Fondements juridiques

Article 1101 du Code civil En vigueur

Le contrat est un accord de volontés entre deux ou plusieurs personnes destiné à créer, modifier, transmettre ou éteindre des obligations.

Article 1103 du Code civil En vigueur

Les contrats légalement formés tiennent lieu de loi à ceux qui les ont faits.

Article L. 1221-1 du Code du travail En vigueur

Le contrat de travail est soumis aux règles du droit commun. Il peut être établi selon les formes que les parties contractantes décident d’adopter.

Article L. 1233-3 du Code du travail En vigueur

Constitue un licenciement pour motif économique le licenciement effectué par un employeur pour un ou plusieurs motifs non inhérents à la personne du salarié résultant d’une suppression ou transformation d’emploi ou d’une modification, refusée par le salarié, d’un élément essentiel du contrat de travail, consécutives notamment :

1° A des difficultés économiques caractérisées soit par l’évolution significative d’au moins un indicateur économique tel qu’une baisse des commandes ou du chiffre d’affaires, des pertes d’exploitation ou une dégradation de la trésorerie ou de l’excédent brut d’exploitation, soit par tout autre élément de nature à justifier de ces difficultés.

Une baisse significative des commandes ou du chiffre d’affaires est constituée dès lors que la durée de cette baisse est, en comparaison avec la même période de l’année précédente, au moins égale à :

a) Un trimestre pour une entreprise de moins de onze salariés ;

b) Deux trimestres consécutifs pour une entreprise d’au moins onze salariés et de moins de cinquante salariés ;

c) Trois trimestres consécutifs pour une entreprise d’au moins cinquante salariés et de moins de trois cents salariés ;

d) Quatre trimestres consécutifs pour une entreprise de trois cents salariés et plus ;

2° A des mutations technologiques ;

3° A une réorganisation de l’entreprise nécessaire à la sauvegarde de sa compétitivité ;

4° A la cessation d’activité de l’entreprise.

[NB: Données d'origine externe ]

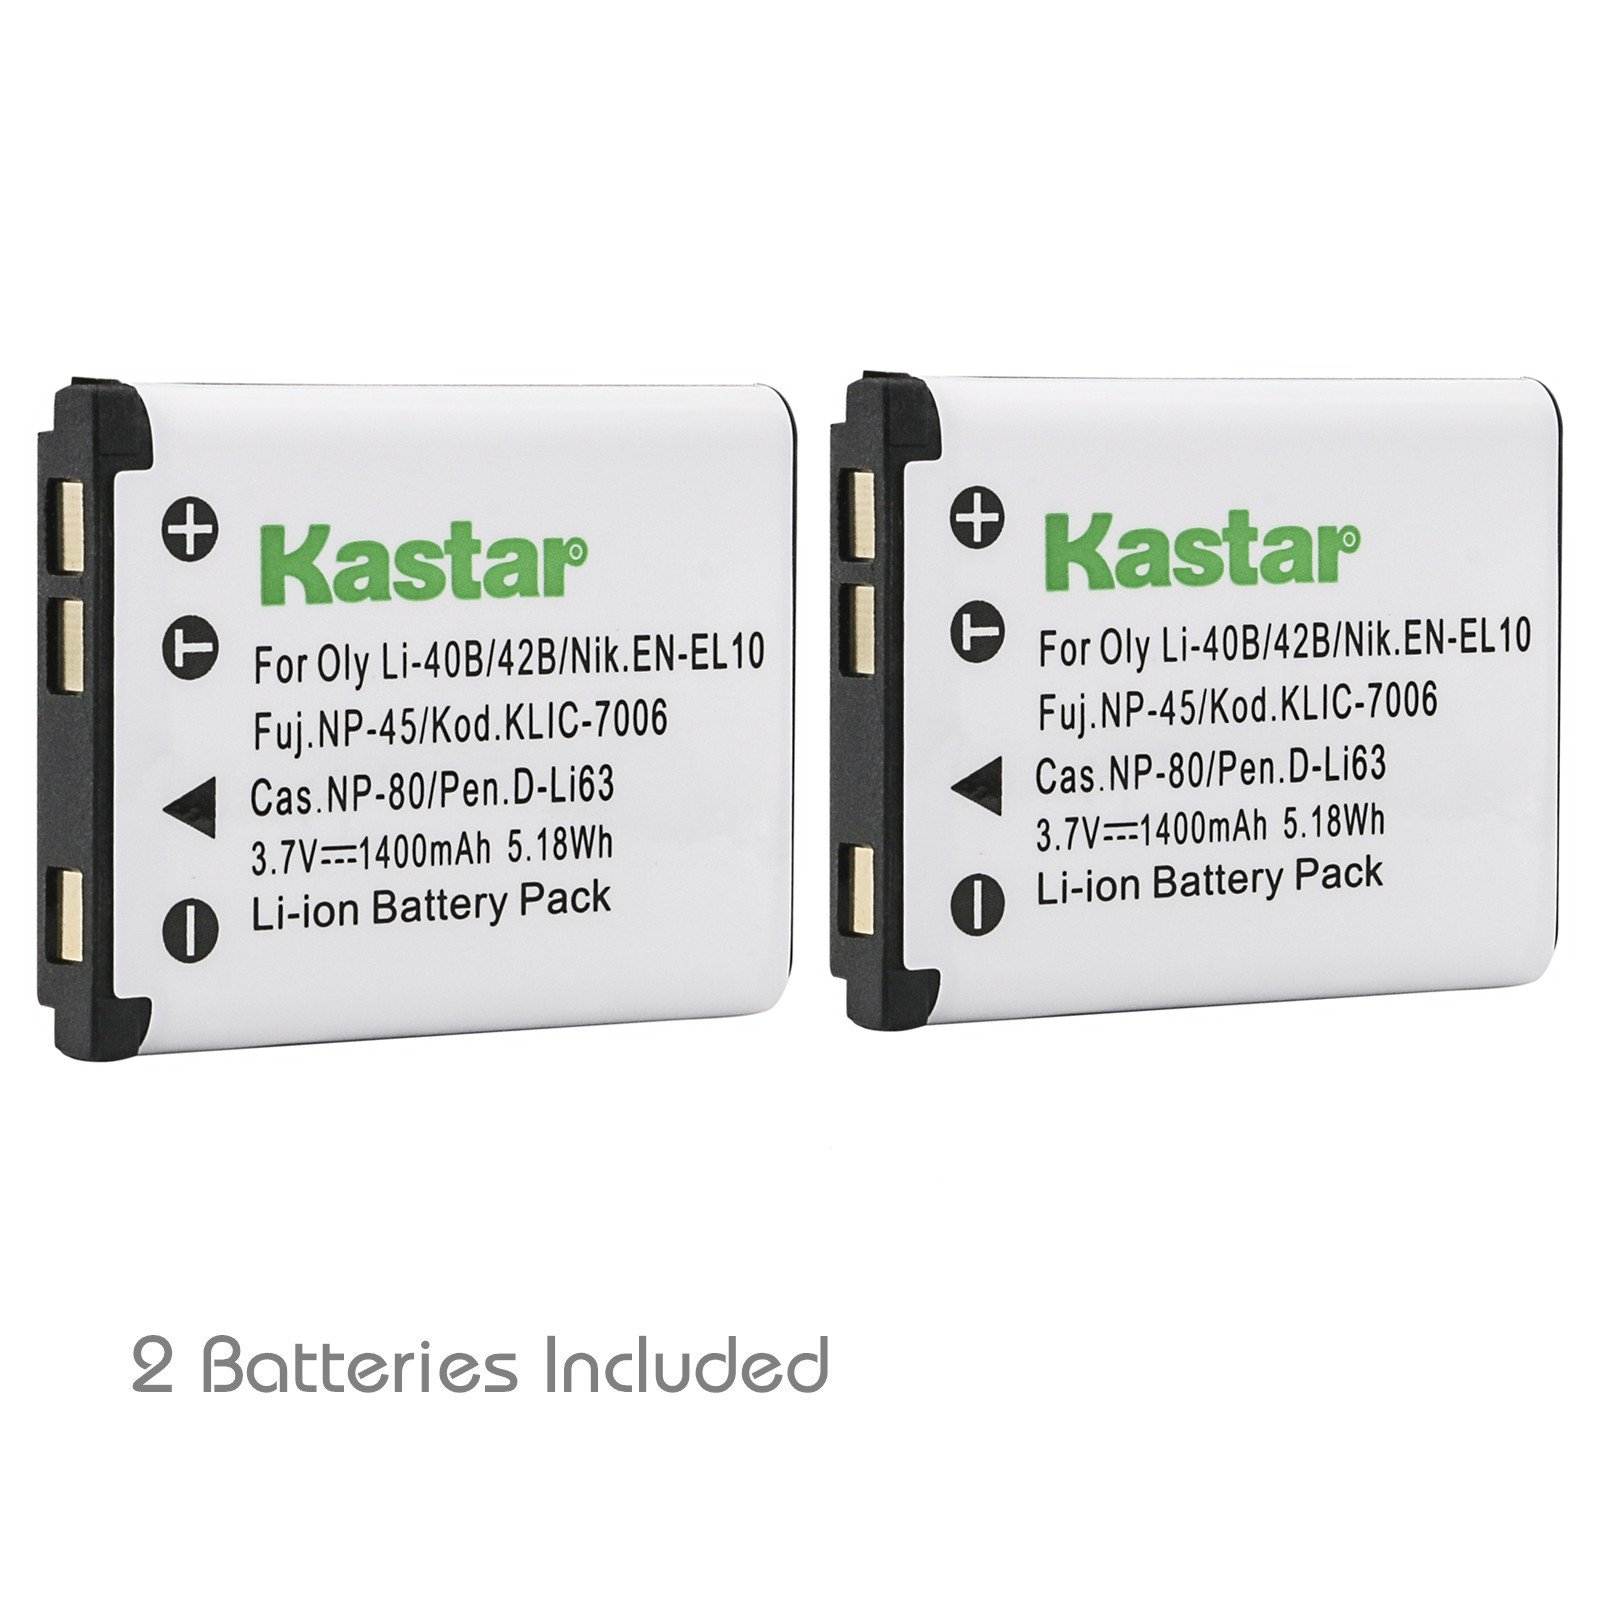 Kastar Battery (2-Pack) for Nikon EN-EL10 MH-63 work with Nikon Coolpix S60, S80, S200, S210, S220, S230, S500, S510, S520, S570, S600, S700, S3000, S4000, S5100 Cameras

La matérialité de la suppression, de la transformation d’emploi ou de la modification d’un élément essentiel du contrat de travail s’apprécie au niveau de l’entreprise.

Les difficultés économiques, les mutations technologiques ou la nécessité de sauvegarder la compétitivité de l’entreprise s’apprécient au niveau de cette entreprise si elle n’appartient pas à un groupe et, dans le cas contraire, au niveau du secteur d’activité commun à cette entreprise et aux entreprises du groupe auquel elle appartient, établies sur le territoire national, sauf fraude.

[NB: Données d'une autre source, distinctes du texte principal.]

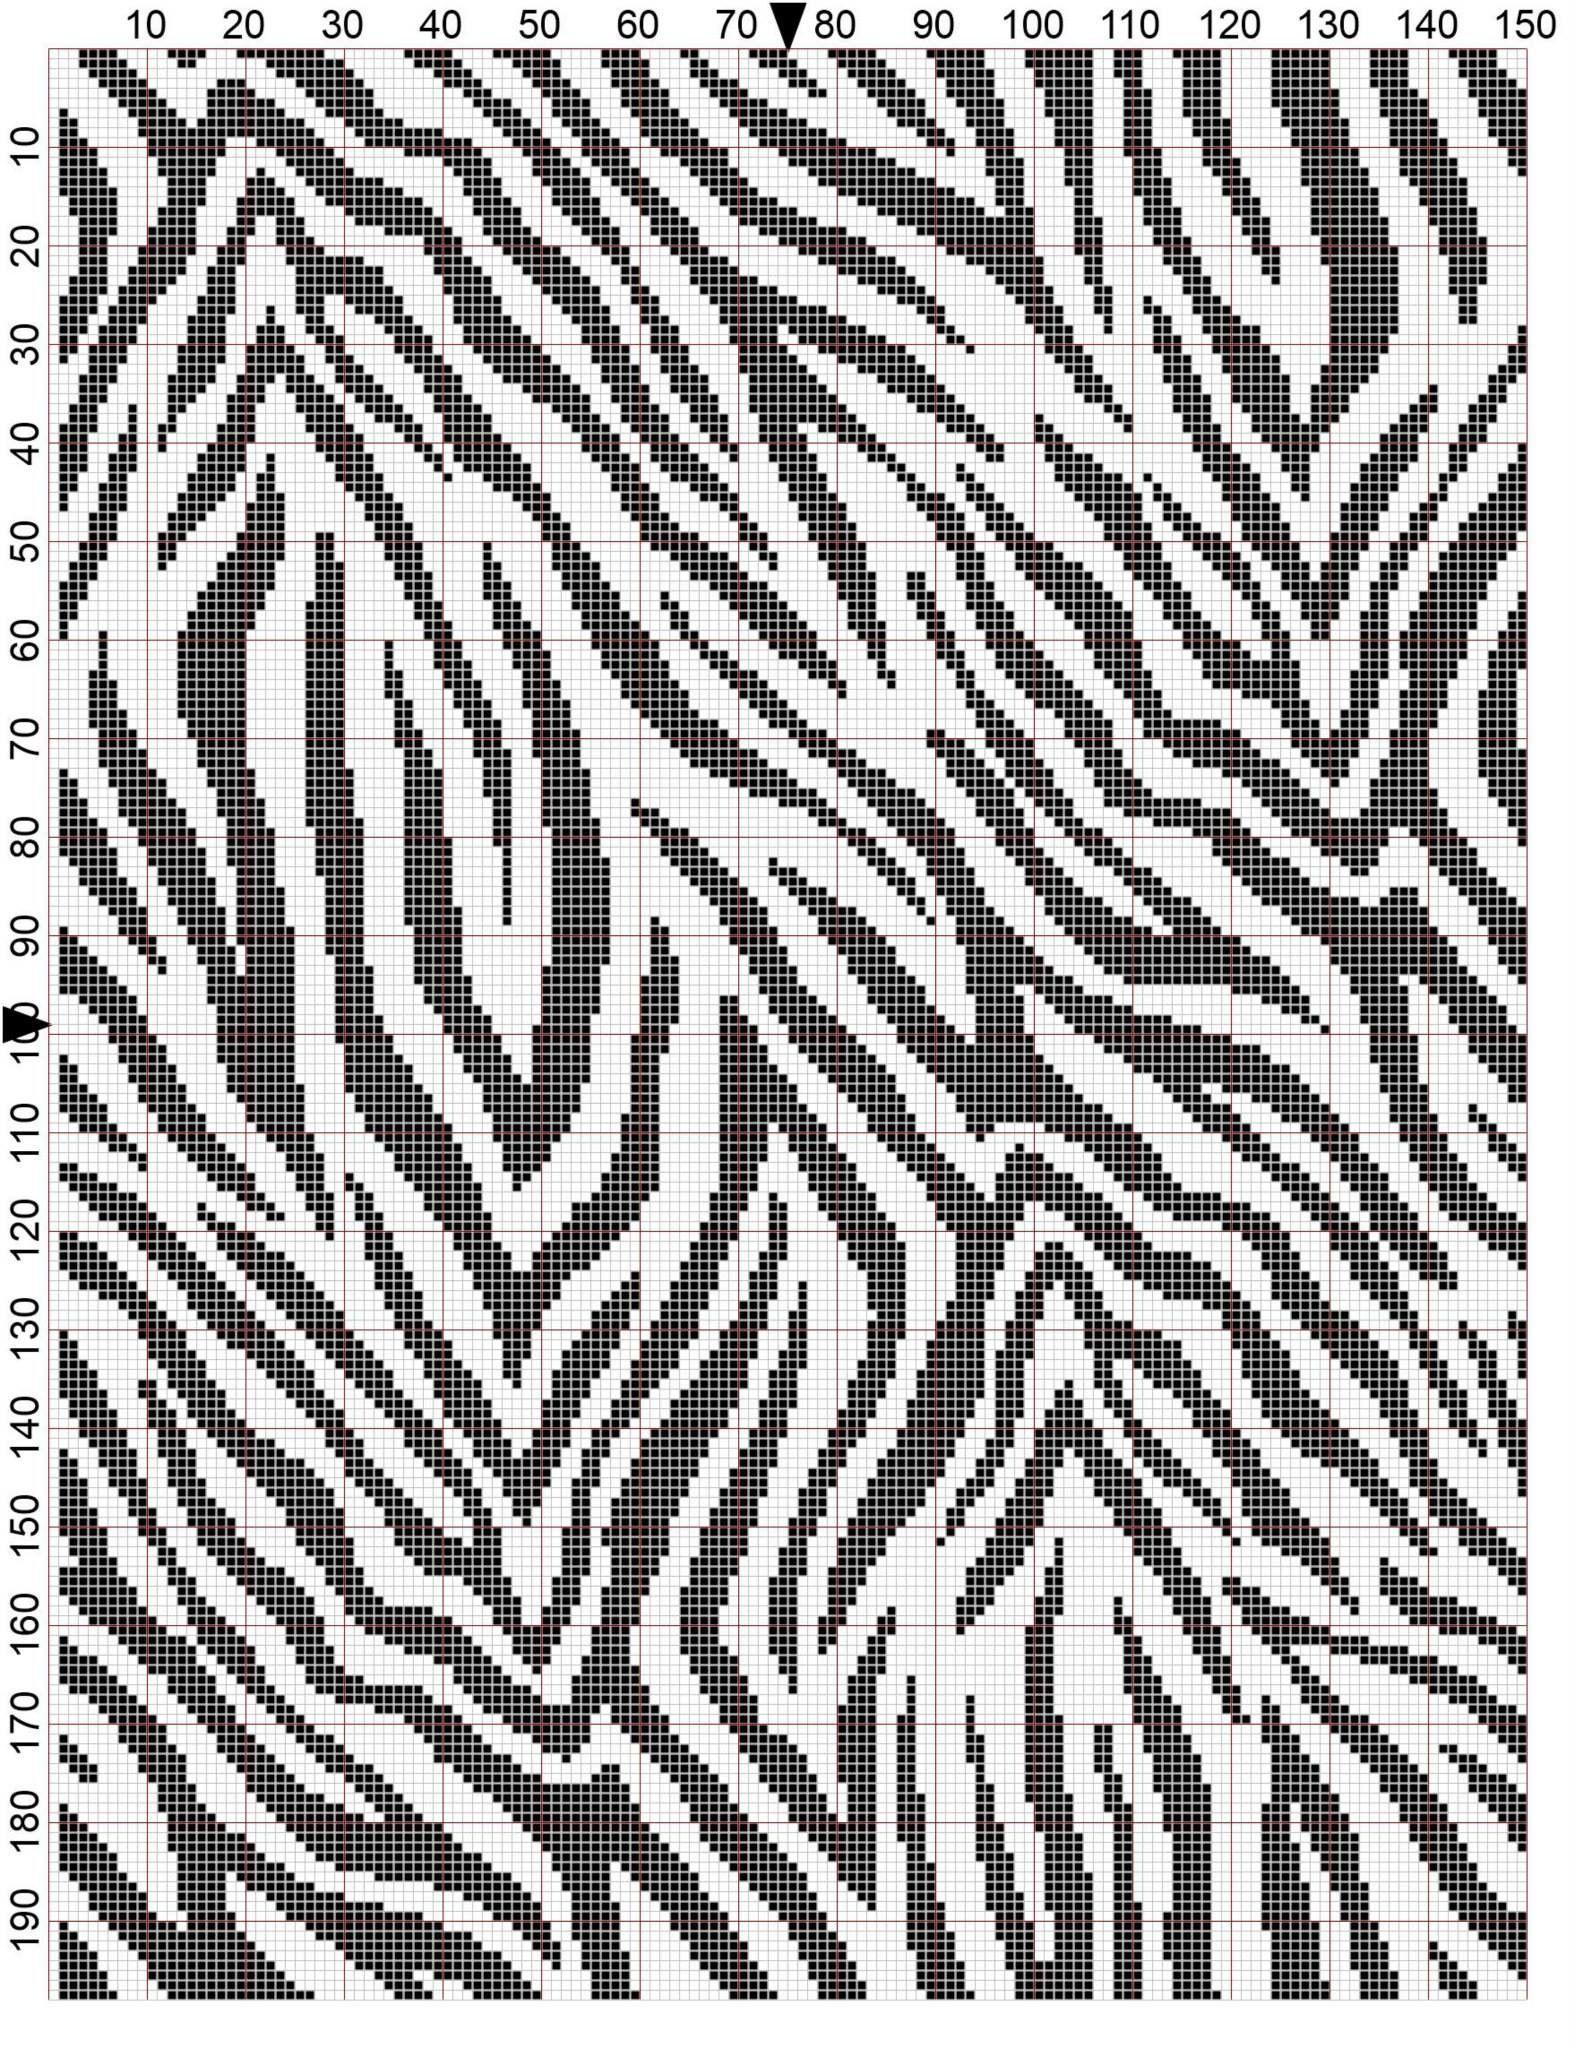 Zebra crochet chart I found online | Knitting Crotchet | Pinterest ...

Pour l’application du présent article, la notion de groupe désigne le groupe formé par une entreprise appelée entreprise dominante et les entreprises qu’elle contrôle dans les conditions définies à l’article L. 233-1, aux I et II de l’article L. 233-3 et à l’article L. 233-16 du code de commerce.

Le secteur d’activité permettant d’apprécier la cause économique du licenciement est caractérisé, notamment, par la nature des produits biens ou services délivrés, la clientèle ciblée, ainsi que les réseaux et modes de distribution, se rapportant à un même marché.

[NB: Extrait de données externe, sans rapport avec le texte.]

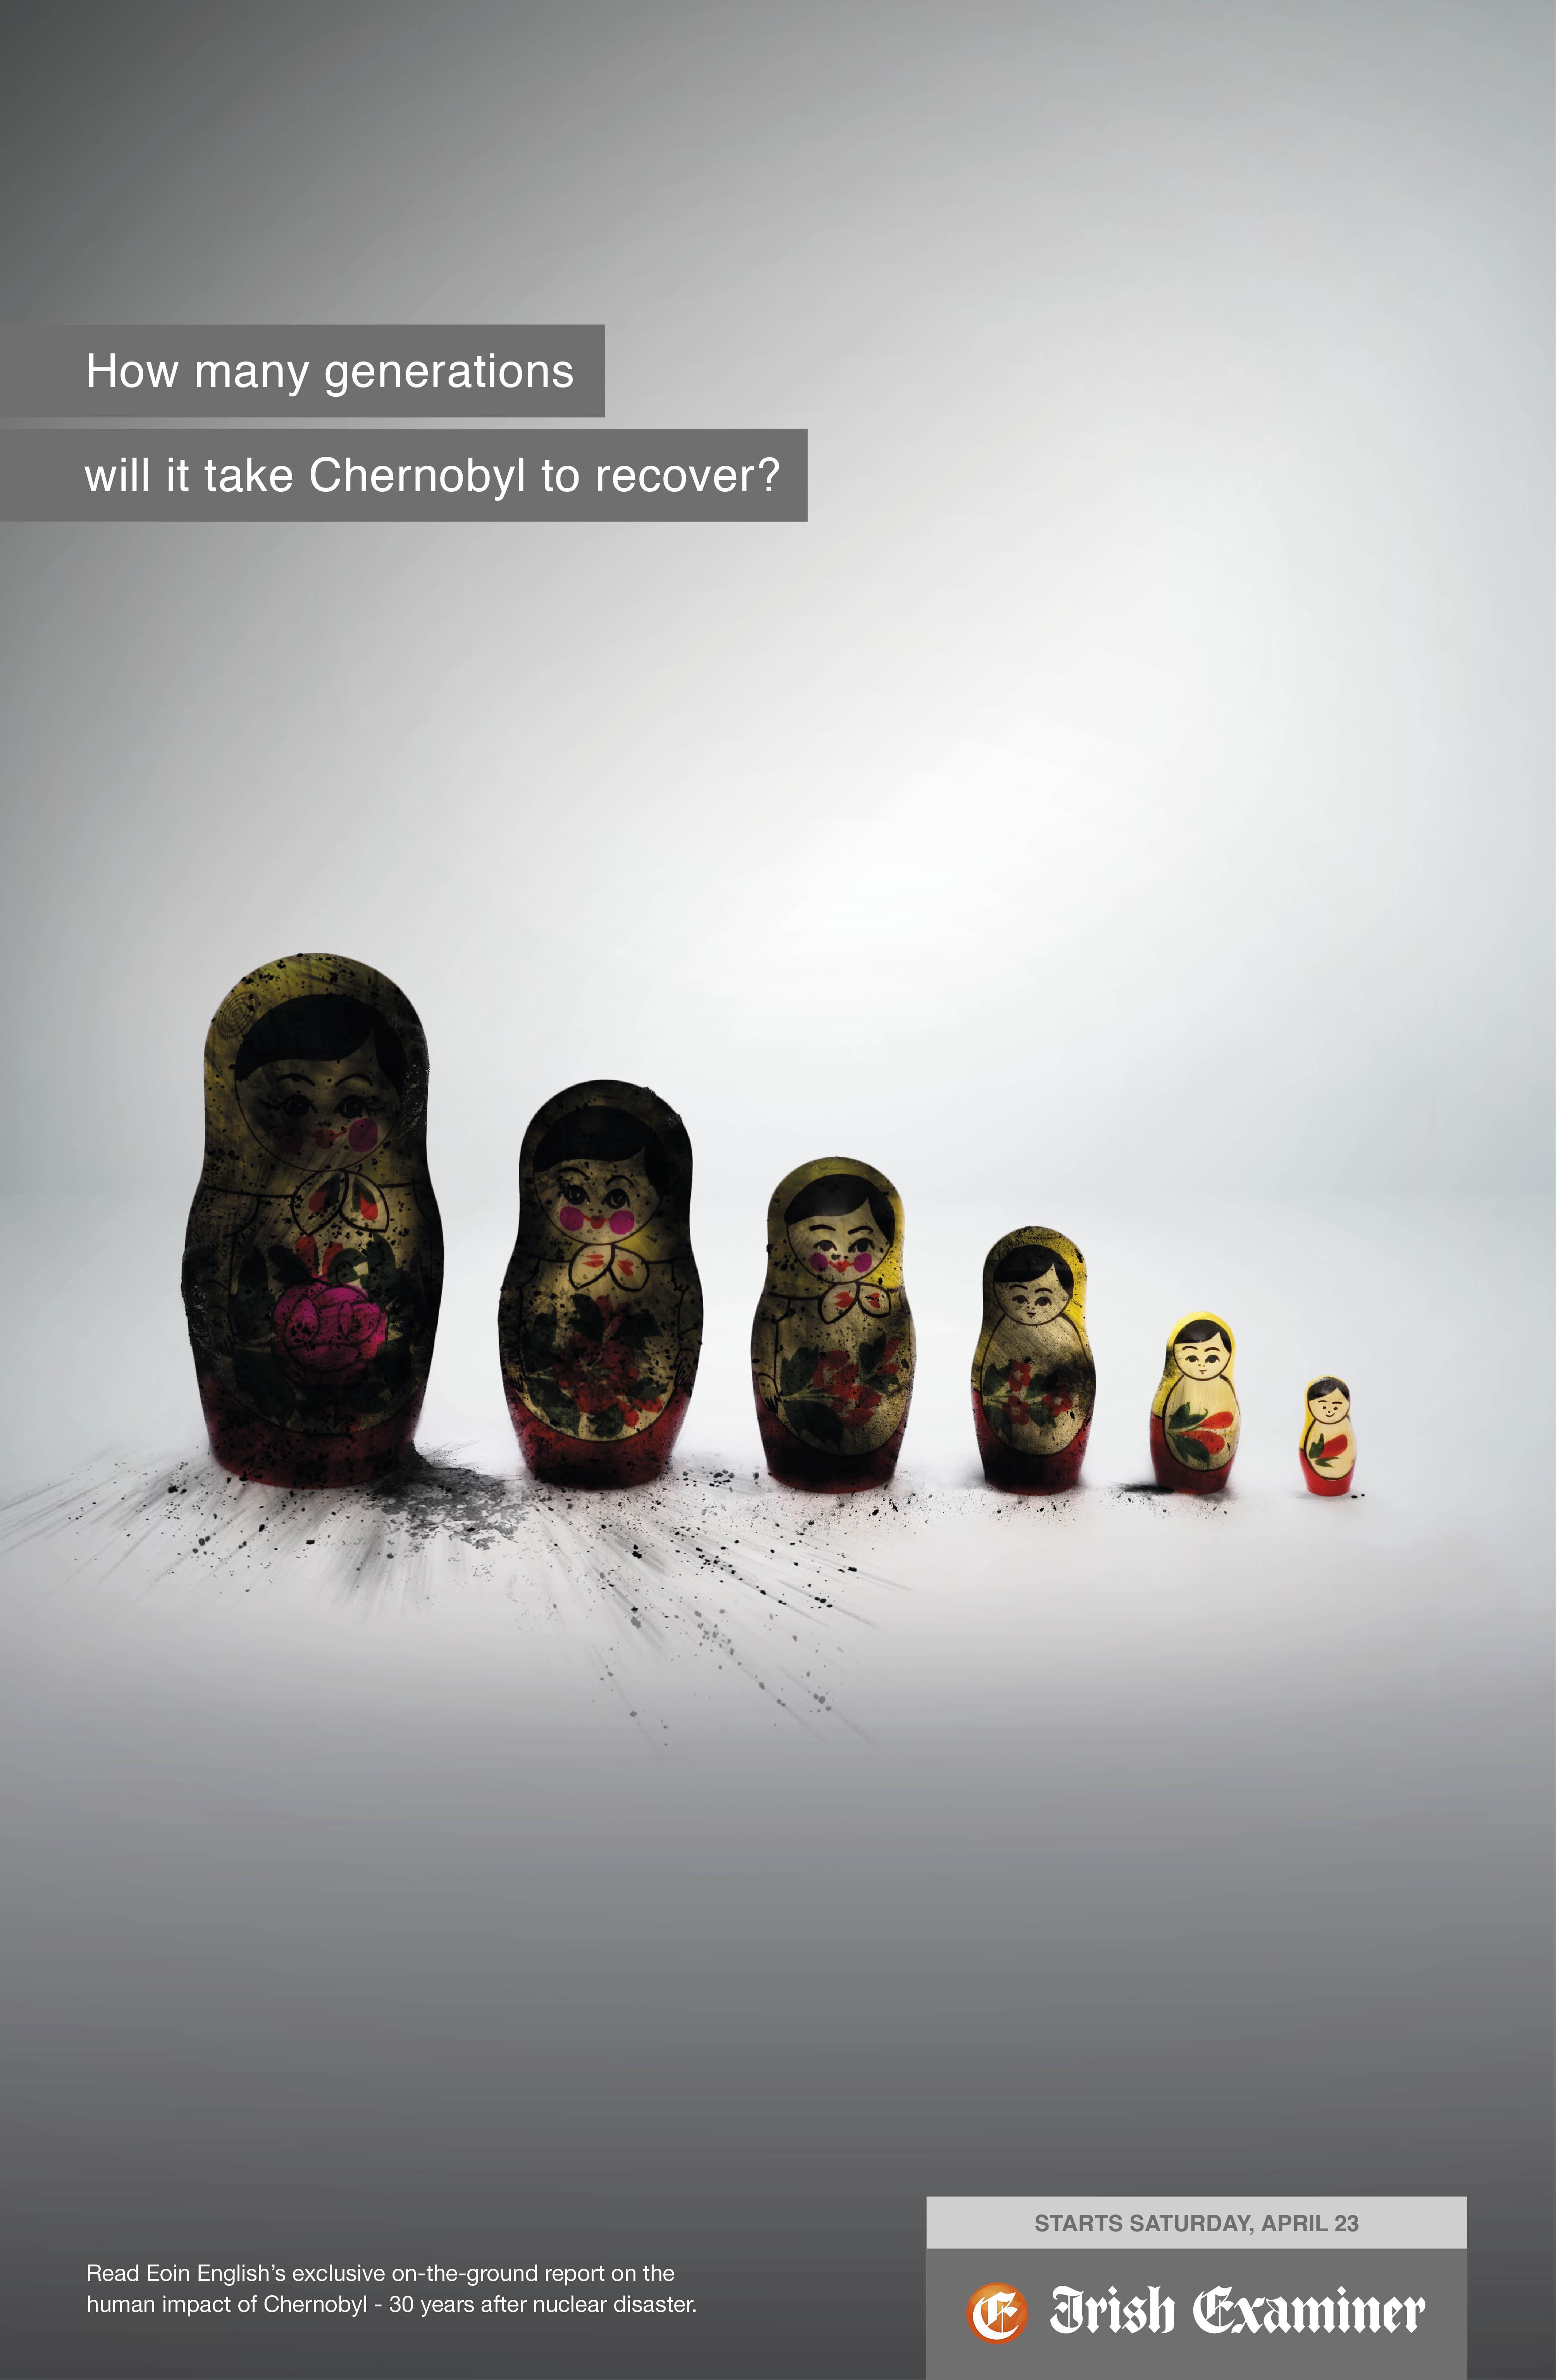 Chernobyl Full page 2

Les dispositions du présent chapitre sont applicables à toute rupture du contrat de travail résultant de l’une des causes énoncées au présent article, à l’exclusion de la rupture conventionnelle visée aux articles L. 1237-11 et suivants et de la rupture d’un commun accord dans le cadre d’un accord collectif visée aux articles L. 1237-17 et suivants.

Article 382 du Code de procédure civile En vigueur

Le retrait du rôle est ordonné lorsque toutes les parties en font la demande écrite et motivée.

Article 383 du Code de procédure civile En vigueur

La radiation et le retrait du rôle sont des mesures d’administration judiciaire.

A moins que la péremption de l’instance ne soit acquise, l’affaire est rétablie, en cas de radiation, sur justification de l’accomplissement des diligences dont le défaut avait entraîné celle-ci ou, en cas de retrait du rôle, à la demande de l’une des parties.